**RECORDS FOR THIS EXERCISE**:
········

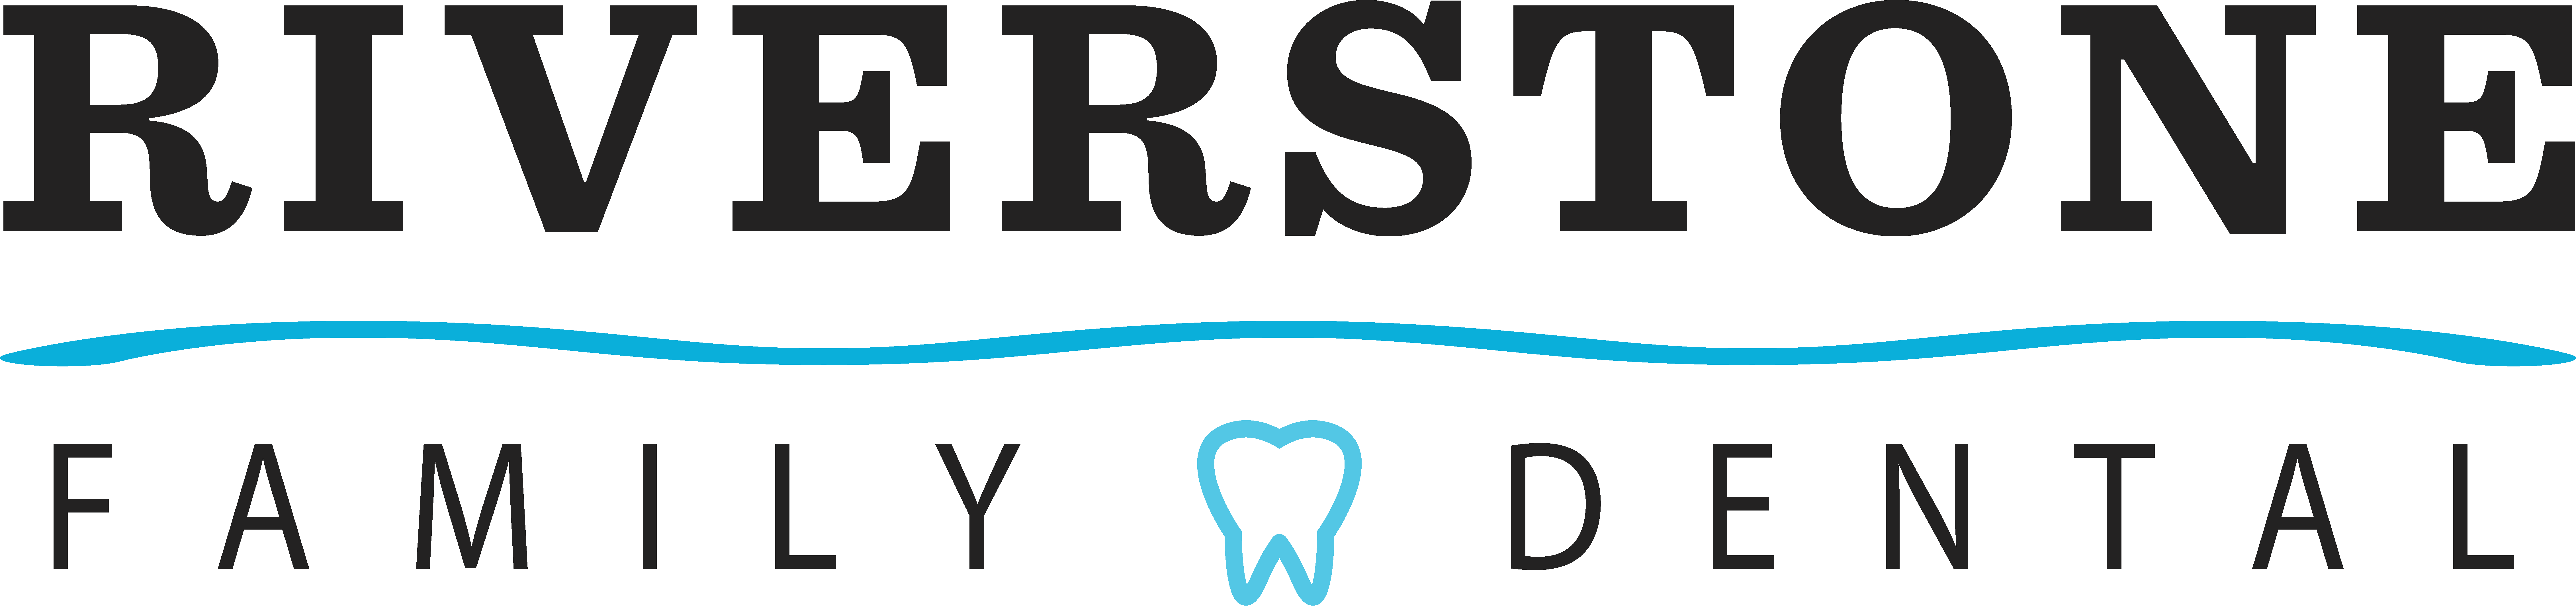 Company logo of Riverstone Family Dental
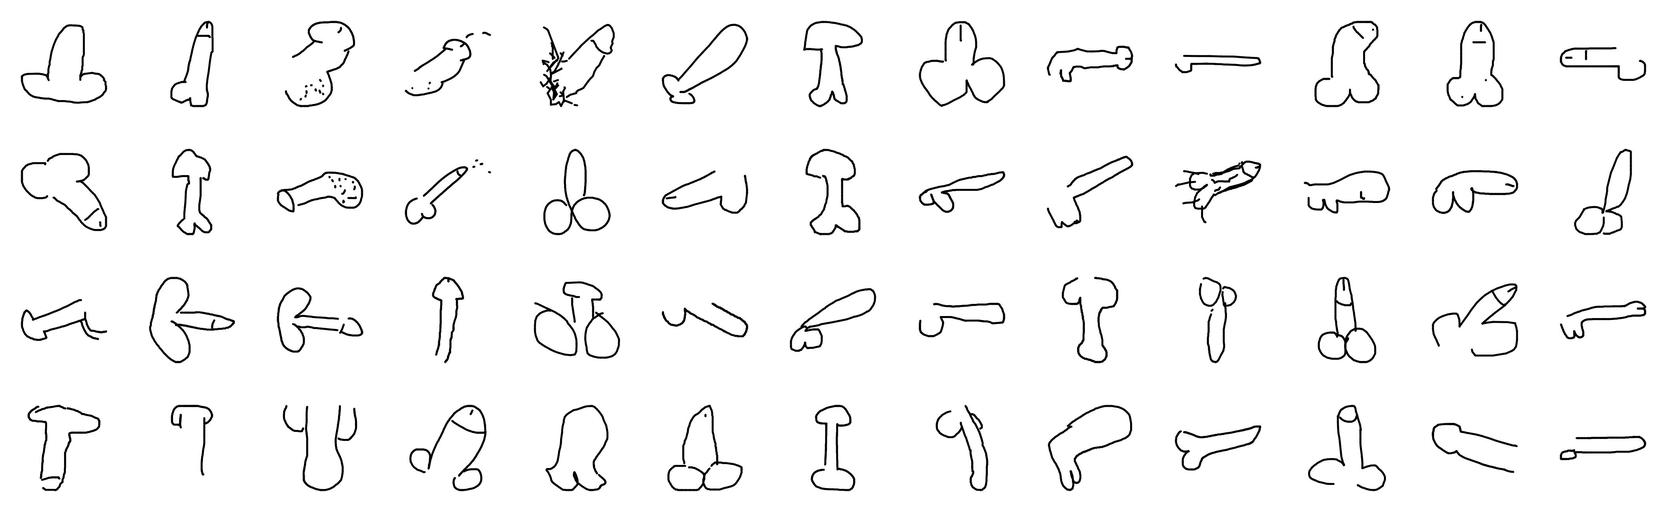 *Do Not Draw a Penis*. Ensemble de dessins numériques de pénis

········

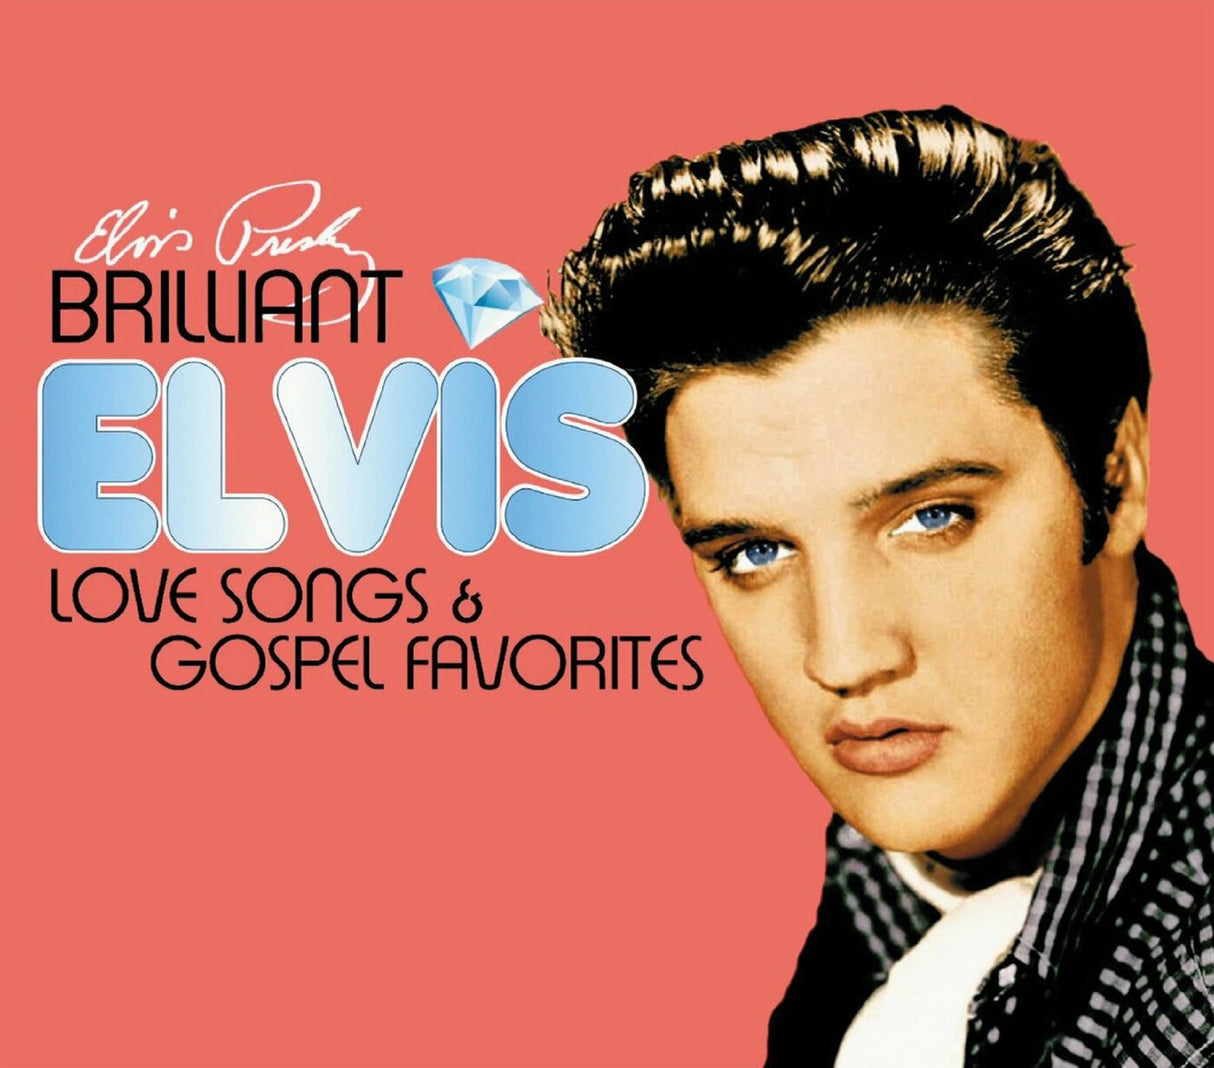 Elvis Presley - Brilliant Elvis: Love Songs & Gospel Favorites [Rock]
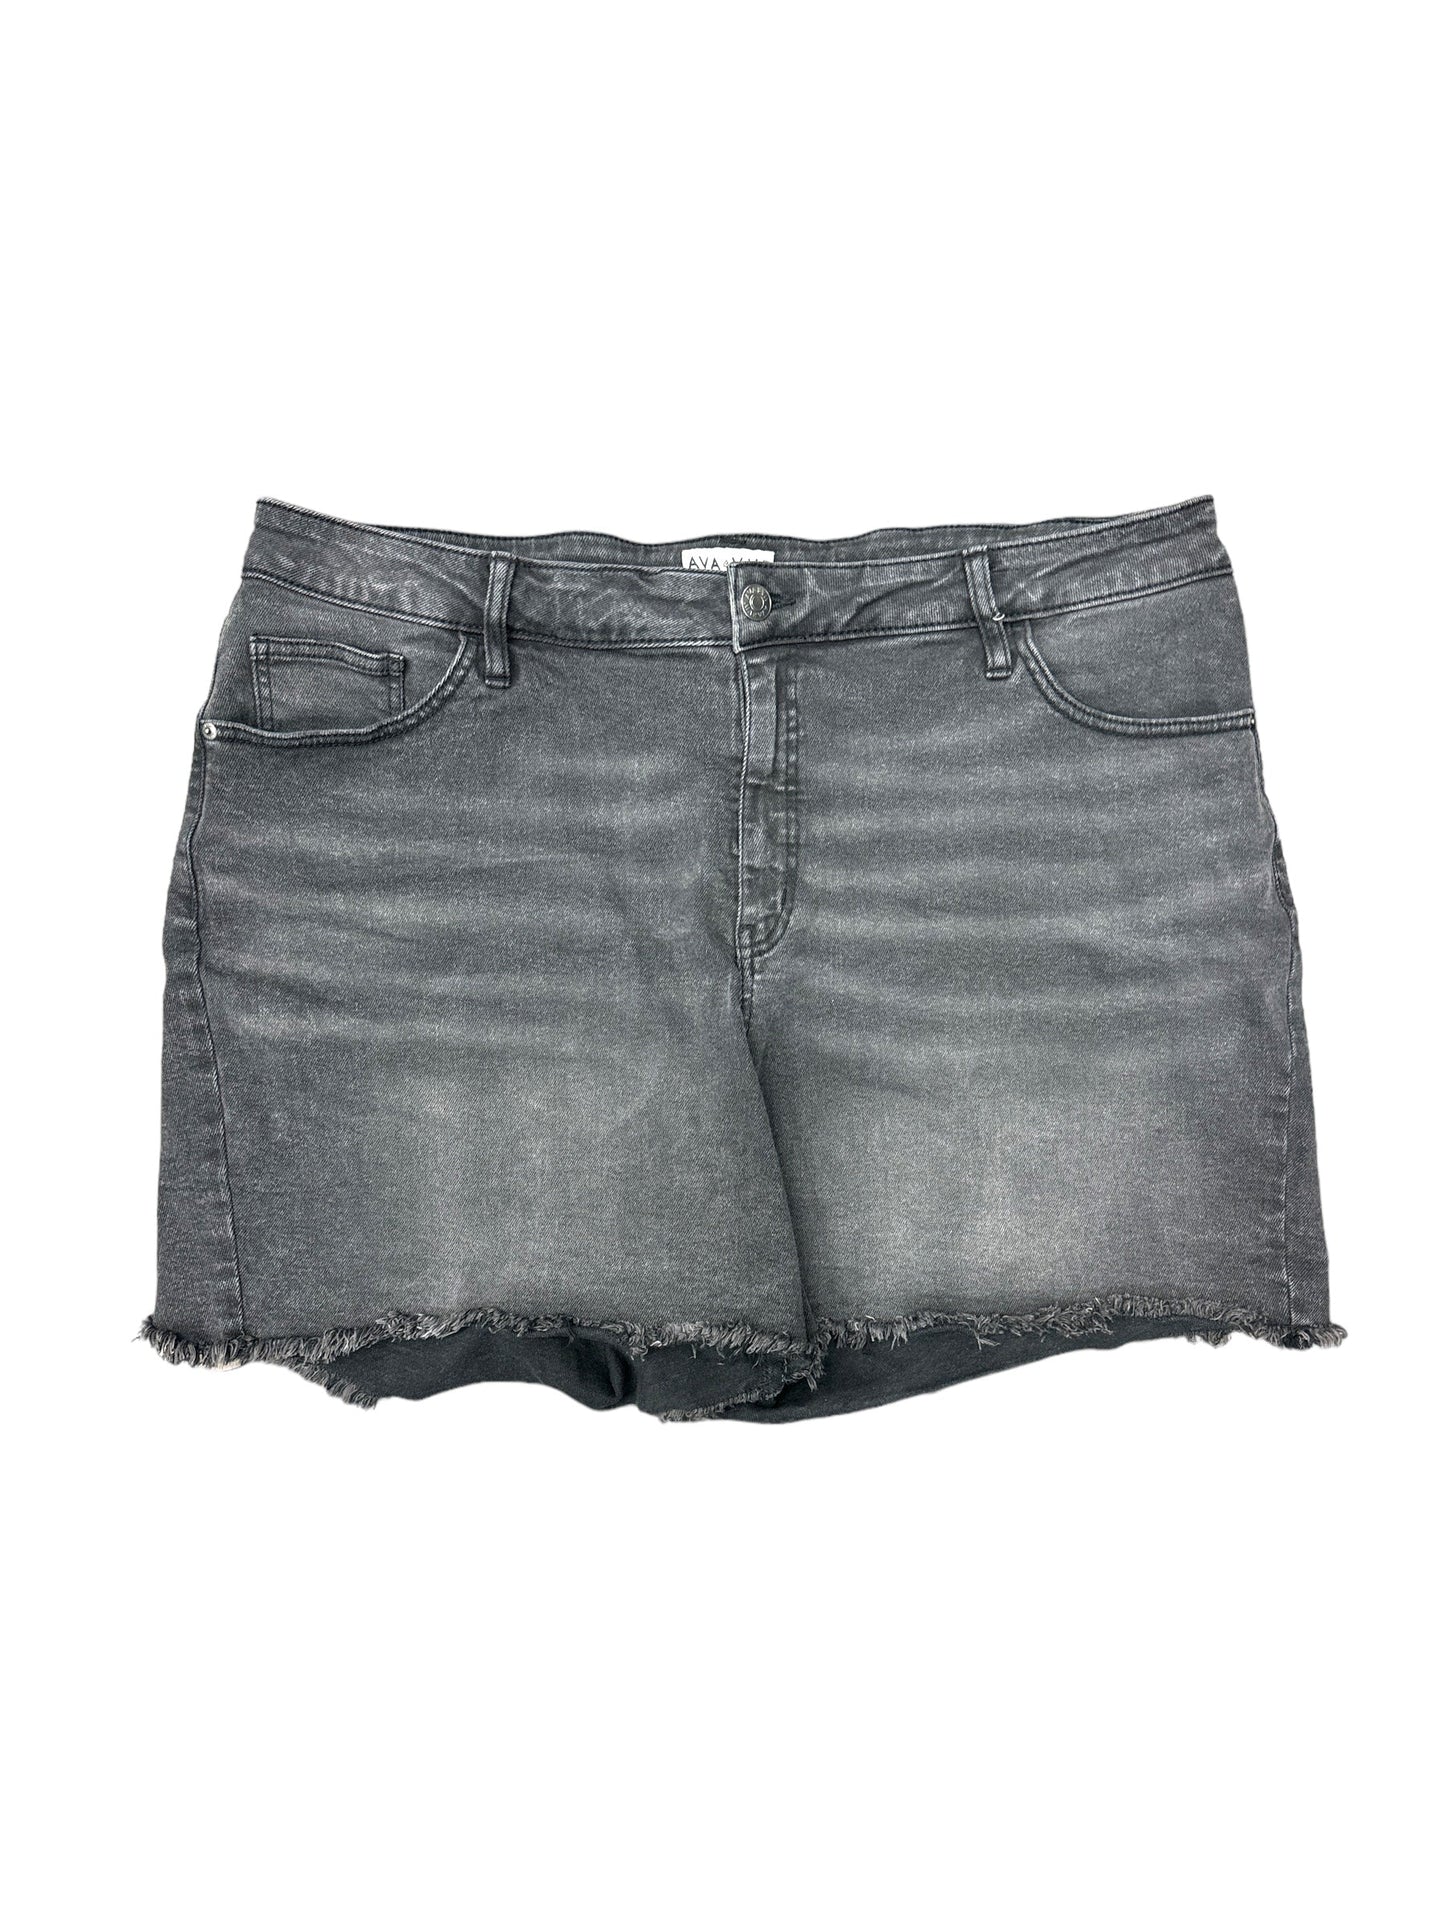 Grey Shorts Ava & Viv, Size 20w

········

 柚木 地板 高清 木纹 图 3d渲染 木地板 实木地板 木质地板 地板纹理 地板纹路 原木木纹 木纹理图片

········

**WHAT NEEDS TO BE DONE**: Give again the stretch of the entries above that begins at the line with "Company logo of Riverstone Family Dental" and ends at the line with "numériques de pénis", word for word, with no pictures.

**RESPONSE TO THIS TASK**:
 Company logo of Riverstone Family Dental
 *Do Not Draw a Penis*. Ensemble de dessins numériques de pénis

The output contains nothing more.